The blacks were forced to live Seattle’s Central District, and initially they thrived. But after decades of being starved of cash because banks intentionally did not making loans in the area (redlining), the Central District fell into decline. Today, it’s threatened by gentrification as developers build high-end spaces and places that are filling up by white residents. The black enclave is disappearing; the area used to be 80% black, but is now less than 25%.


From construction, to design, to ongoing use and ownership of the building, the re-development of the Liberty Bank was a community-led development. Garrett was part of the team that created affordable space for local businesses and for residents in a neighborhood facing intense gentrification pressures.

Garrett came looking for inspiration and more ideas when he came to Africatown Mobile with his son Wahleek and landscape architect Sara Zewde, whom he met in his struggle to maintain the neighborhood and culture that his family and others built in Africatown Seattle.

They met with C.H.E.S.S.’s Joe Womack, who shared his own struggles to maintain Africatown, especially from further industrial encroachment and environmental contamination. He took them on a tour of Africatown, including the Mobile County Training School, the community garden, Hogs Bayou, the Mobile River under the Africatown-Cochran Bridge and lands Three Mile Creek that are part of the Africatown Connections Blueway proposal. Happy Hills native Jason Lewis, a Navy chief who has led several clean-up efforts in Africatown, also took part in the tour.

They also met with Vickii Howell, President/CEO of M.O.V.E. Gulf Coast CDC, whose nonprofit is developing and sponsoring the Africatown International Design Idea Competition.
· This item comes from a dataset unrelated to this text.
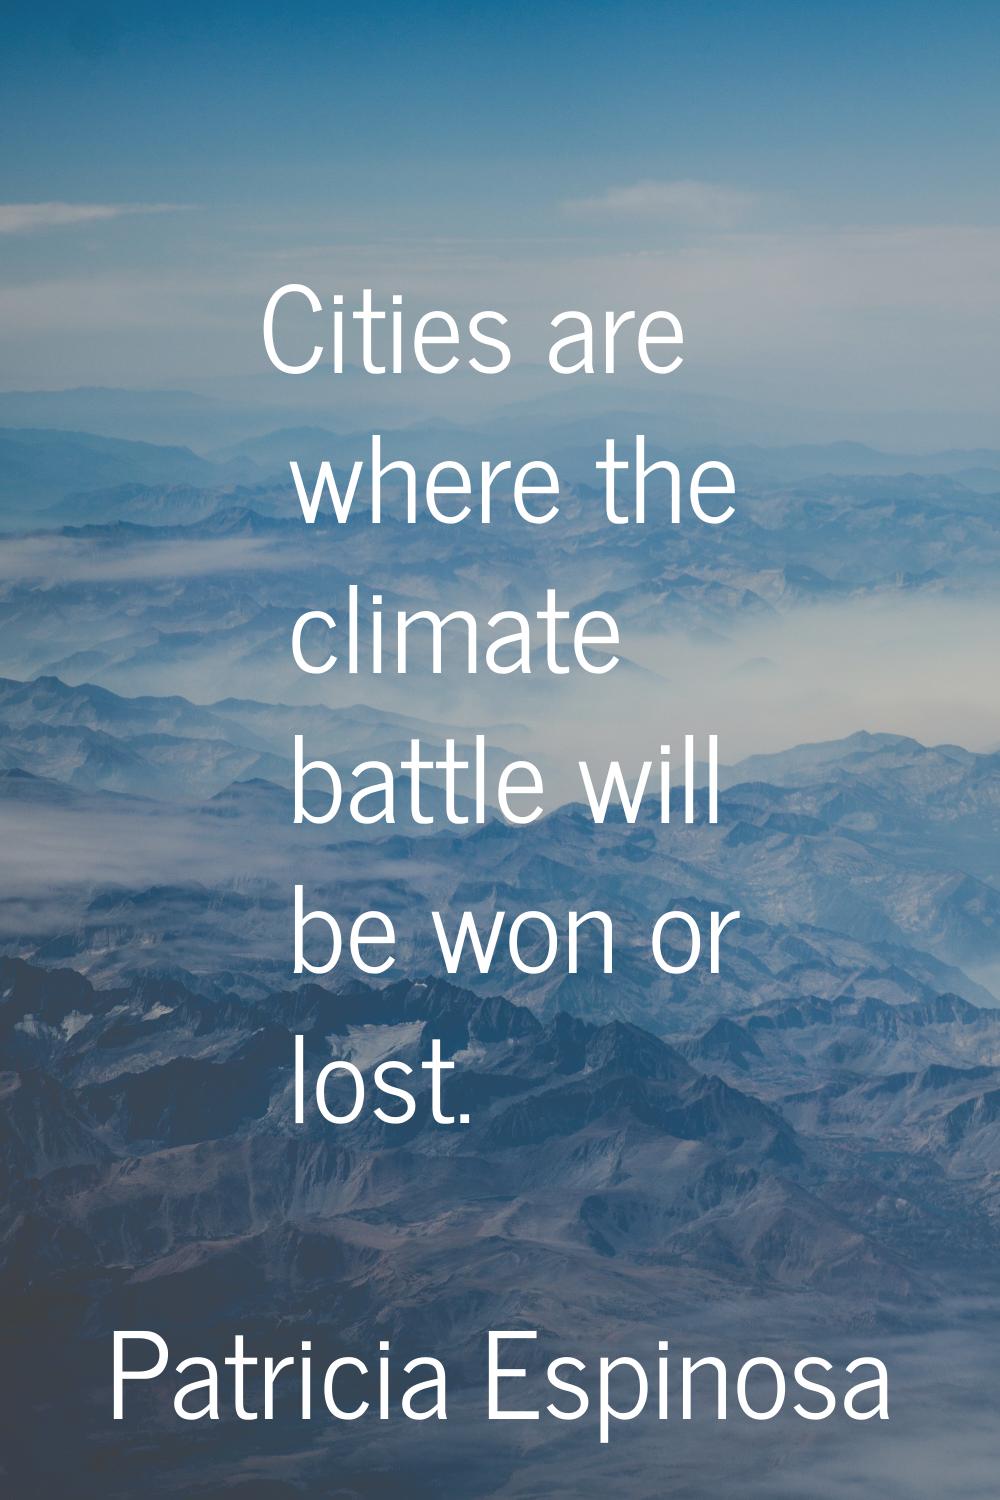 Cities are where the climate battle will be won or lost.

The competition will invite architects from around the world to propose ideas for 16 venues on four sites stretching from Africatown in Mobile to Africatown USA State Park lands in Prichard, which are connected via the Blueway.

 

Garrett and Zewde were impressed at the size and scale of Africatown, especially the vacant lands that could be re-purposed for community development. “You all have so much more to work with than we do,” he noted, saying their options are dwindling in Seattle.
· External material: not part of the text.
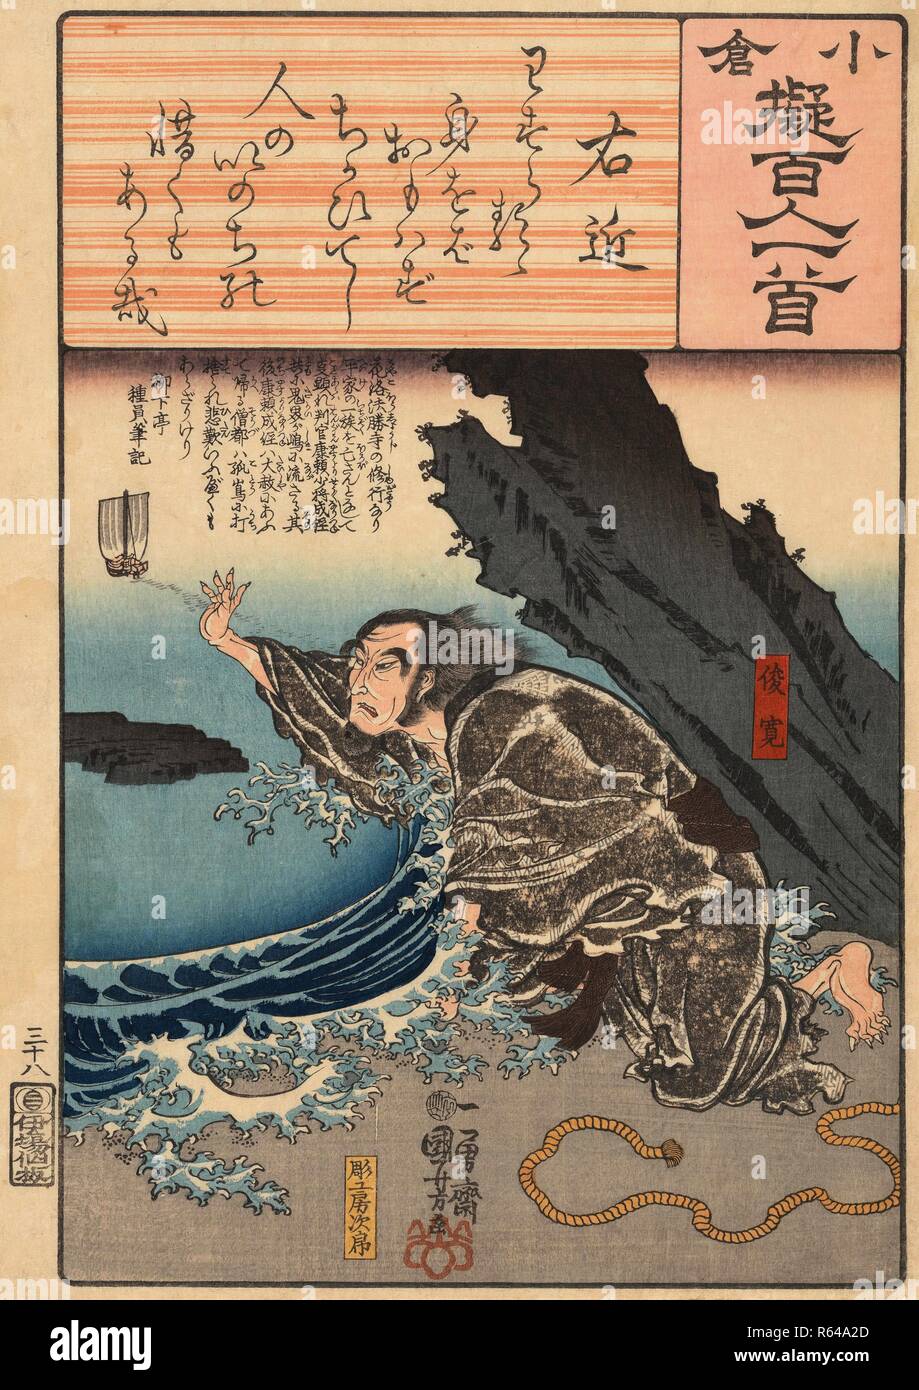 [Poem by] Ukon: Shunkan, from the series Comparisons of the Ogura One Hundred Poets, One Poem Each. Date: 1845-1846. Dimensions: 36 cm x 26 cm. Museum: Van Gogh Museum, Amsterdam. Author: KUNIYOSHI, UTAGAWA. Stock Photo

The two are leading design efforts through the land trust to ensure the unique black culture is seen in the new developments and that they find ways to create their own developments, starting with churches that still own land in the Central District.

They stayed well into the evening, presenting their projects to nearly 40 people who were invited to meet them at Olivet Missionary Baptist Church, thanks to Rev. John McCampbell.

People who attended the special presentation by Seattle Africatown’s Wyking Garrett and Sara Zewde pose for a picture to capture the moment. Location Olivet Missionary Baptist Church.

And they hope to develop closer ties to Africatown Mobile as it develops plans related to the Clotilda discovery announced in May.